__Assignment__. Return the following data exactly, with all pictures left out.

__Data segment__.

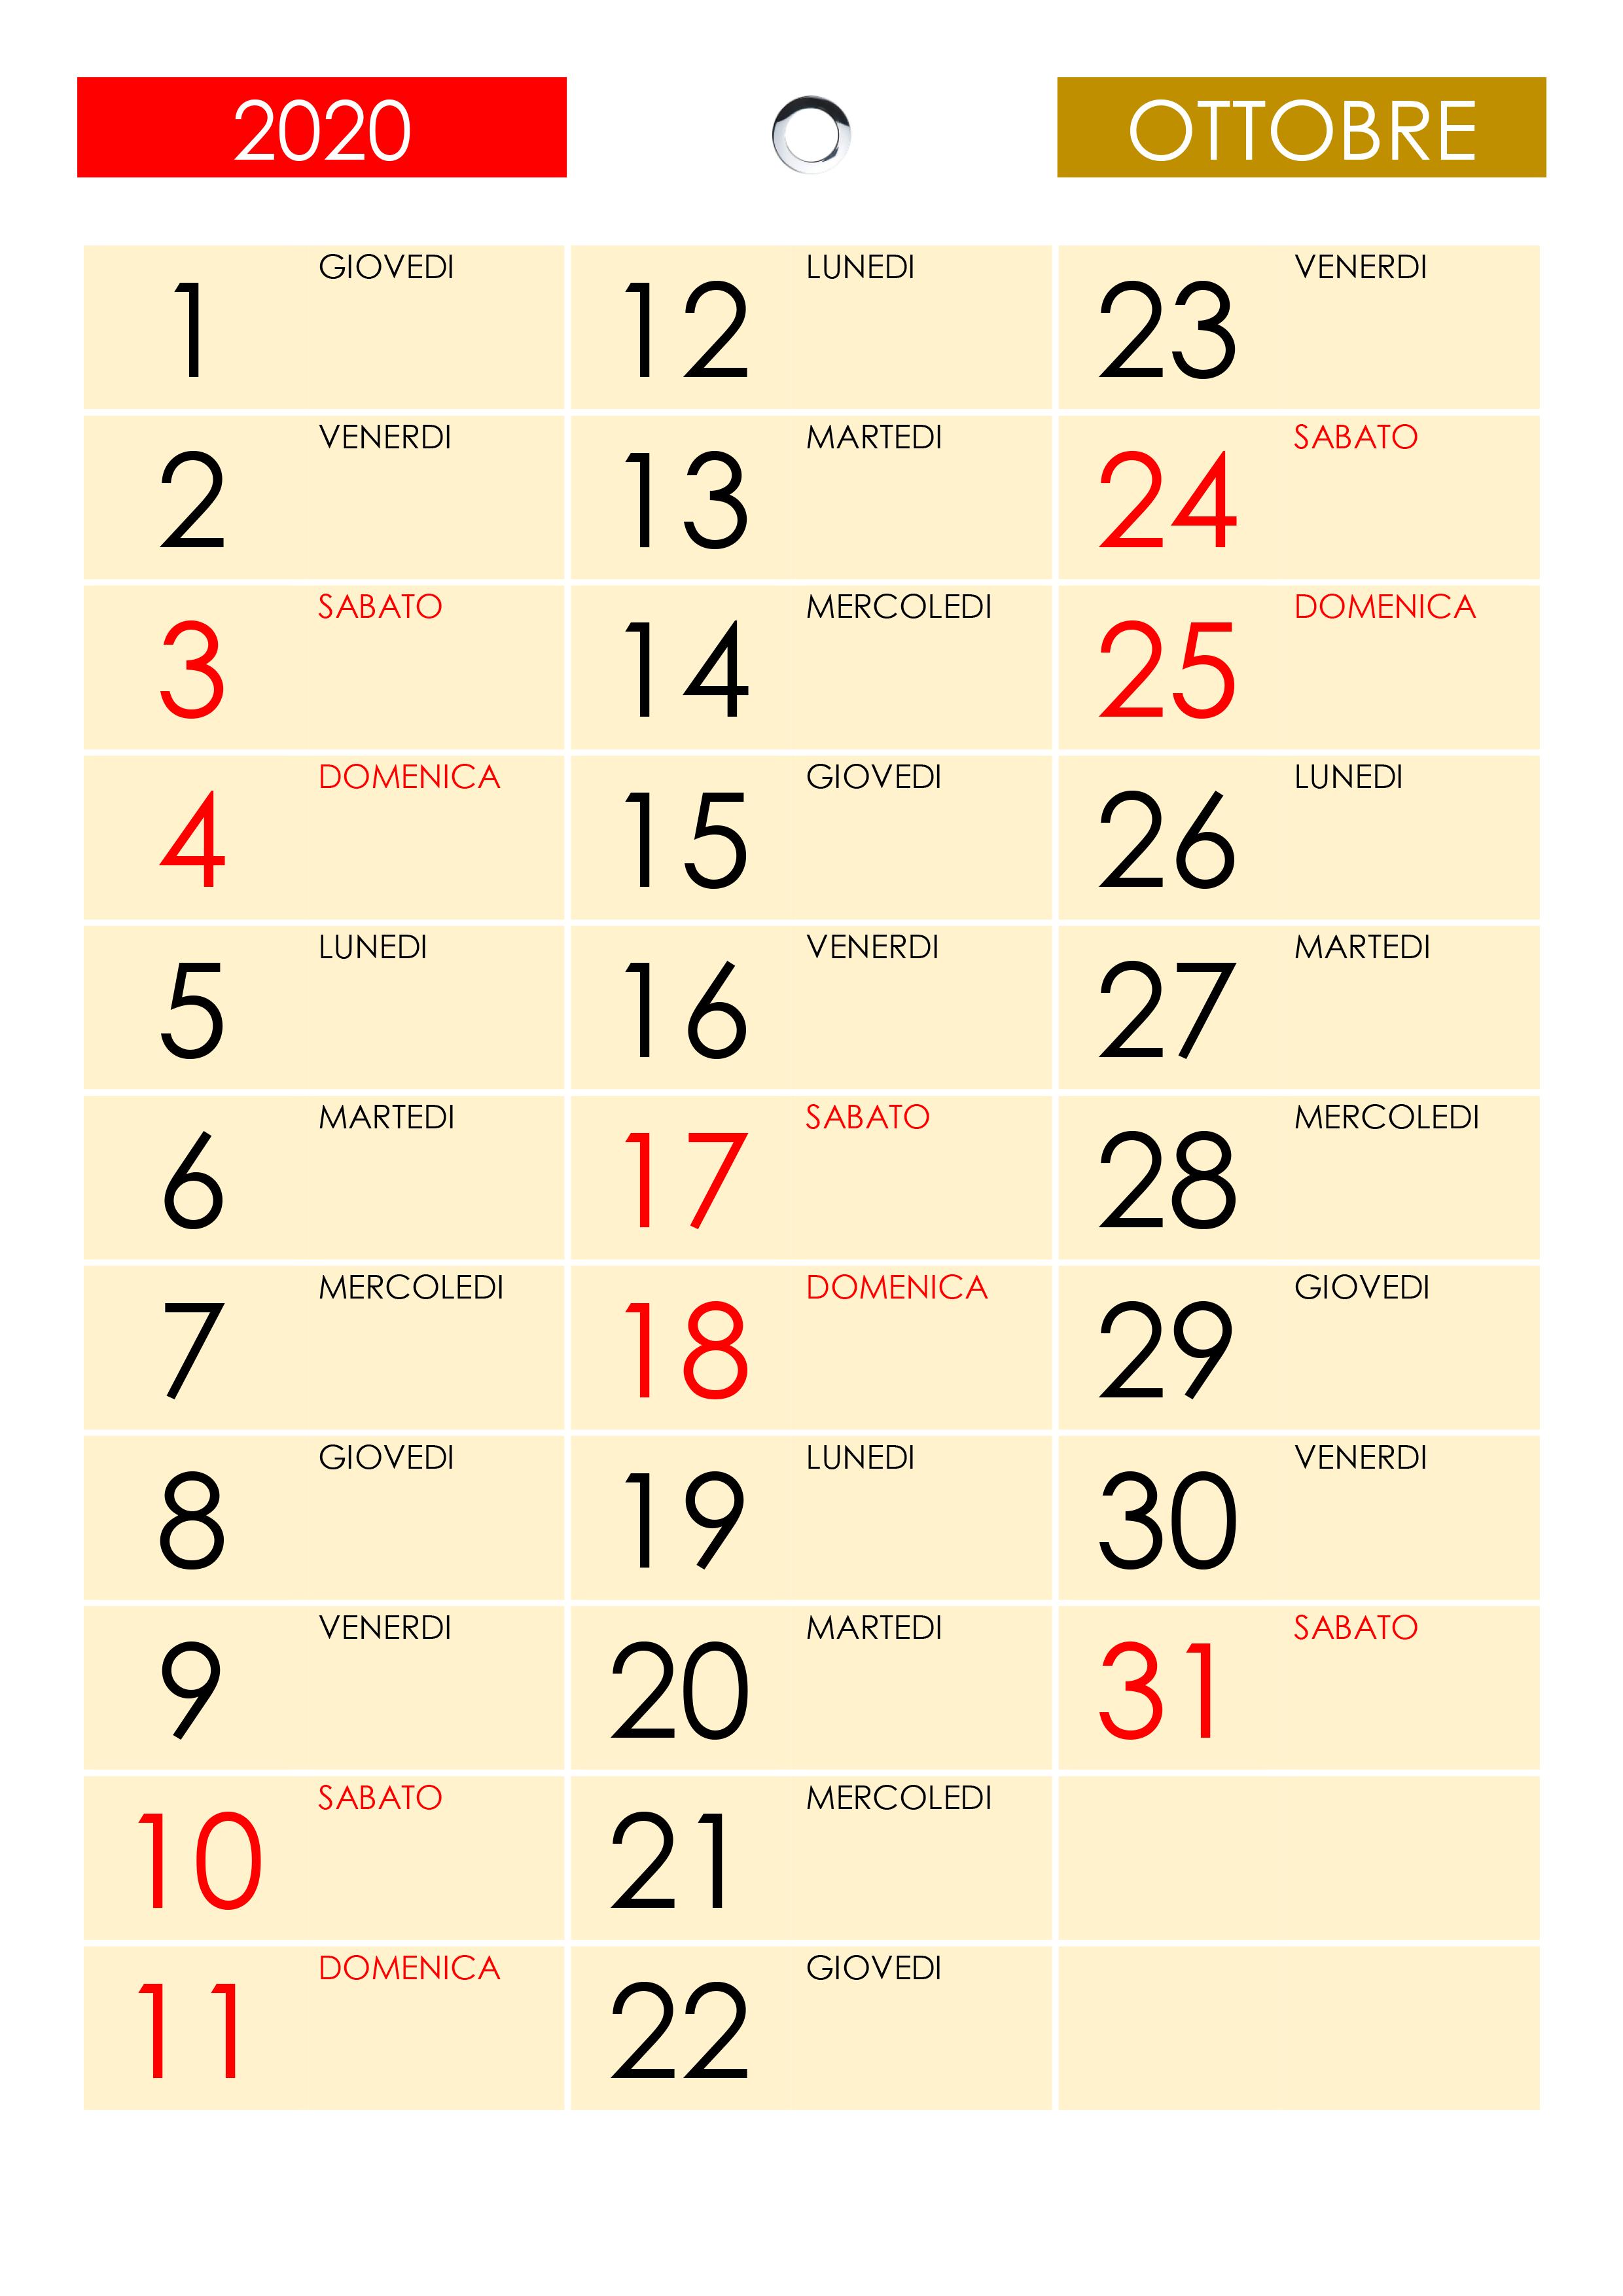 Anno Calendario 2020.Calendario Ottobre 2020 Calendario Su
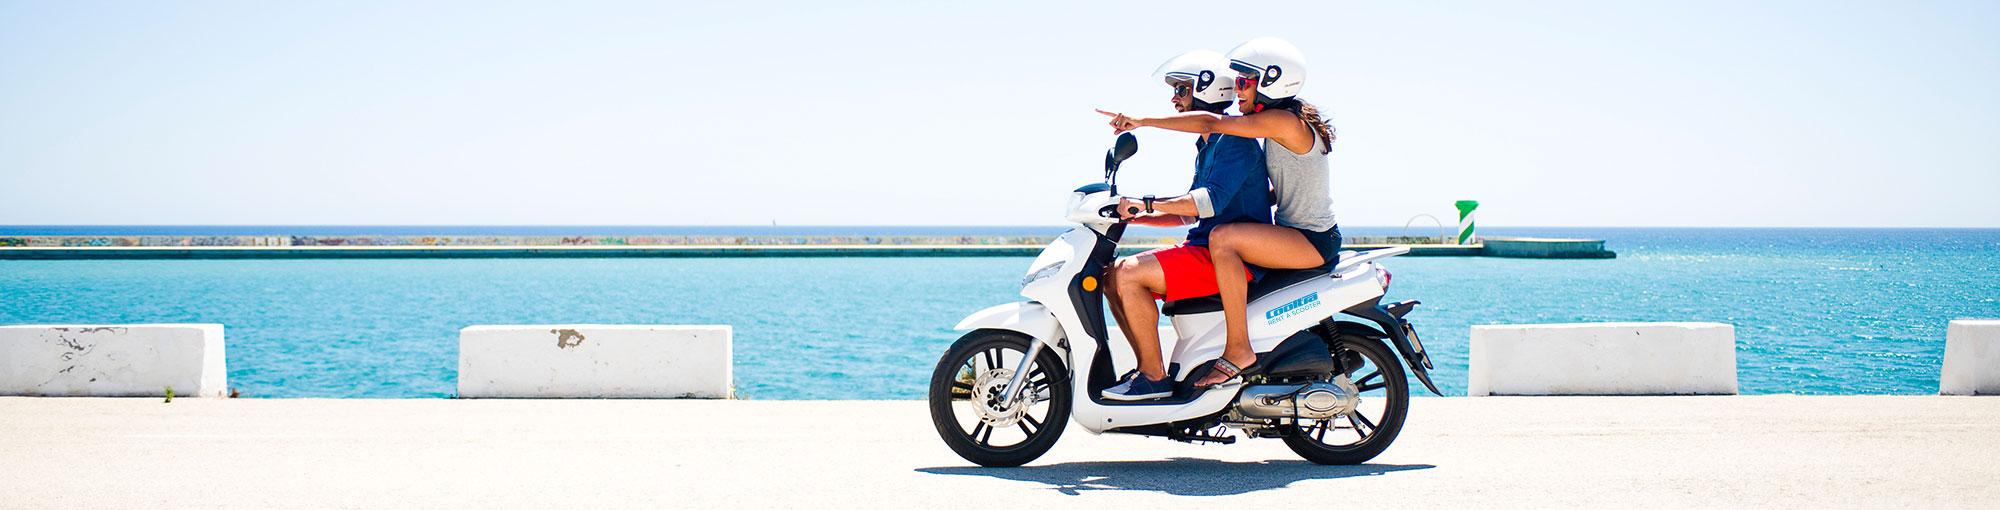 Cooltra aluguer de motas scooter
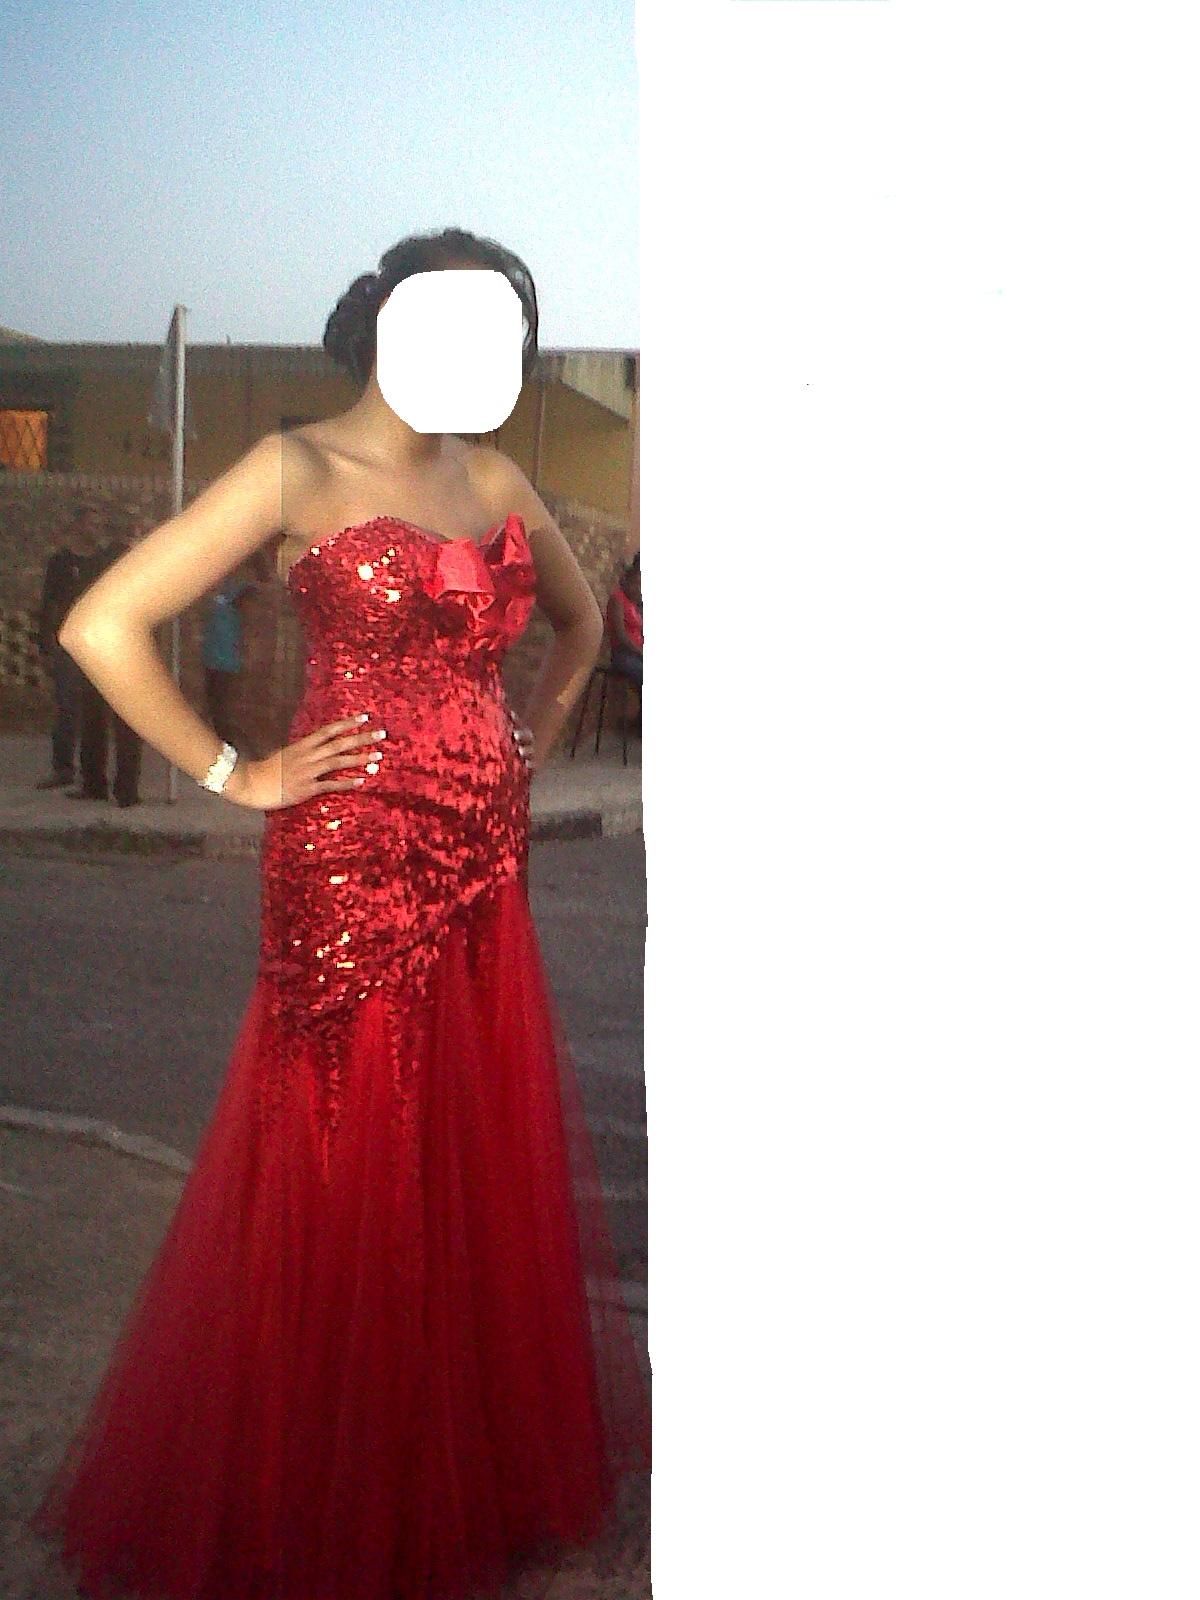 Stunning Red Evening/Matric Farewell Dress for R3500.00

__Problem solution__.
 Anno Calendario 2020.Calendario Ottobre 2020 Calendario Su
 Cooltra aluguer de motas scooter
 Stunning Red Evening/Matric Farewell Dress for R3500.00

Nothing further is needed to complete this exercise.